In the liquid crystal display for high resolution of 300 PPI or more or ultra-high resolution of 500 PPI or more, the size of the pixel area is significantly reduced compared to that for resolution lower than this. On the other hand, the size of the thin film transistors T1 and T2 cannot be reduced in proportion to the reduced pixel area in order to maintain characteristics. That is, in a pixel structure for realizing high resolution or ultra-high resolution, the area ratio of the thin film transistors T1 and T2 to the pixel area gradually increases. Since the area occupied by the thin film transistors T1 and T2 is a non-transmissive area, it is an important factor in reducing the aperture ratio in high resolution and ultra high resolution. A thin film transistor substrate for a liquid crystal display for high resolution of 300 PPI or more or ultra-high resolution of 500 PPI or more is desperately in need of a new structure capable of increasing the ratio of the aperture area per pixel area.

SUMMARY OF THE INVENTION It is an object of the present invention to provide a liquid crystal display having a compensation thin film transistor for supplementing the off-current characteristic of a thin film transistor having a polycrystalline silicon semiconductor material, in order to overcome the problems of the prior art. .

Another object of the present invention is to provide a liquid crystal display device including a compensation thin film transistor having a polysilicon semiconductor layer and having a pixel structure capable of securing a high aperture ratio.

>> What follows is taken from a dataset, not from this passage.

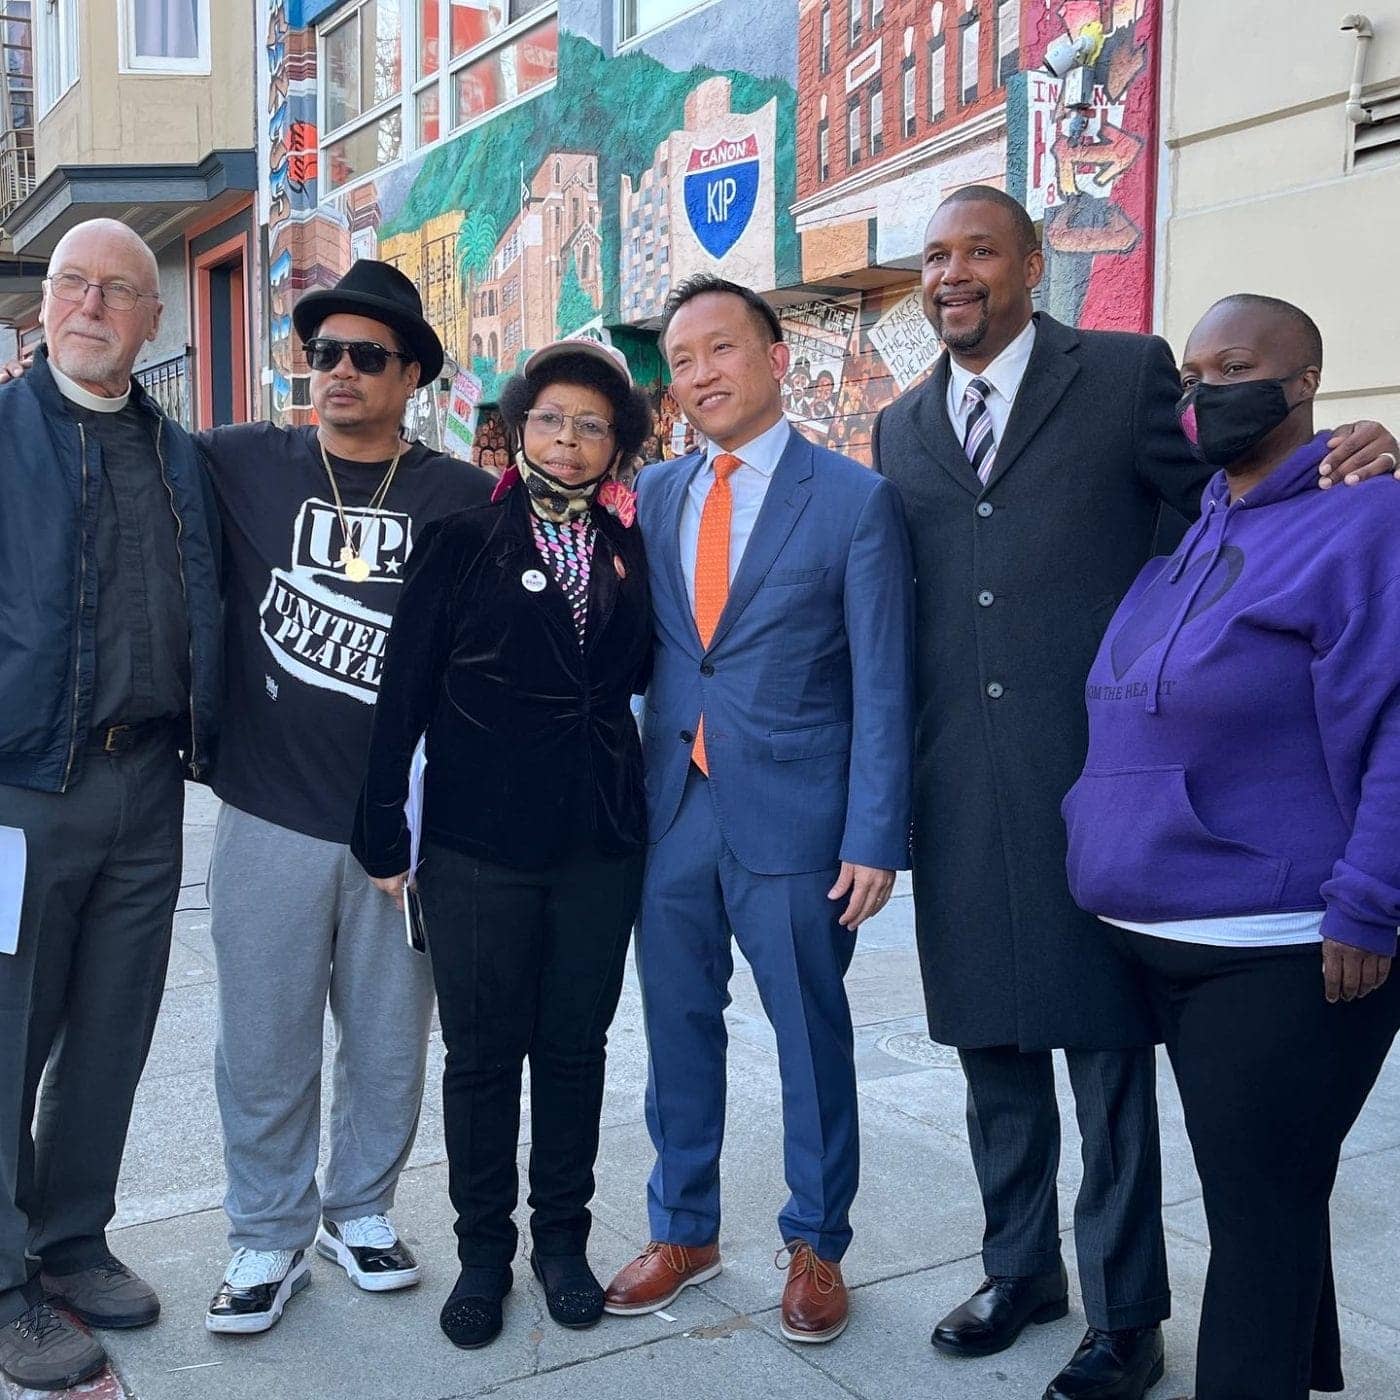 Group-photo-United-Playaz-David-Chiu-Shamann-Walton-at-United-Playaz-rally-040522-1400x1400, ‘We are in a battle for our city’: Community leaders gather to address weekend of violence in SF , Local News & Views News & Views

A liquid crystal display device of the present invention for achieving the above object includes a plurality of data lines and gate lines crossing each other, first electrodes, at least one second electrode, and a semiconductor layer. Each of the plurality of gate lines is disposed to cross the plurality of data lines and has a zigzag pattern. The first electrodes are respectively disposed between the data lines. The second electrode is supplied with a reference voltage to form an electric field with the first electrodes. The semiconductor layer includes a first region connected to the data line and a second region overlapping the gate line at two positions, connected to the first region by a first connection portion, and overlapping the gate line at a first position. region, a third region overlapping the gate line at a second position and connected to the second region by a second connection portion, connected to the first electrode, and connected to the third region by a third connection portion and a fourth area to be

In the above configuration, a first thin film transistor is formed by the first connection part, the second region, the second connection part, and the gate line, the second connection part, the third region, the third connection part, and the A second thin film transistor is formed by a gate line, the first connection part is a first source electrode of the first thin film transistor, the second region is a first semiconductor channel of the first thin film transistor, and the second connection part is a first drain electrode of the first thin film transistor, the gate line is a gate electrode of the first thin film transistor, the second connection part is a second source electrode of the second thin film transistor, and the third region is the A second semiconductor channel of a second thin film transistor, the third connection part is a second drain electrode of the second thin film transistor, and the gate line is a gate electrode of the second thin film transistor.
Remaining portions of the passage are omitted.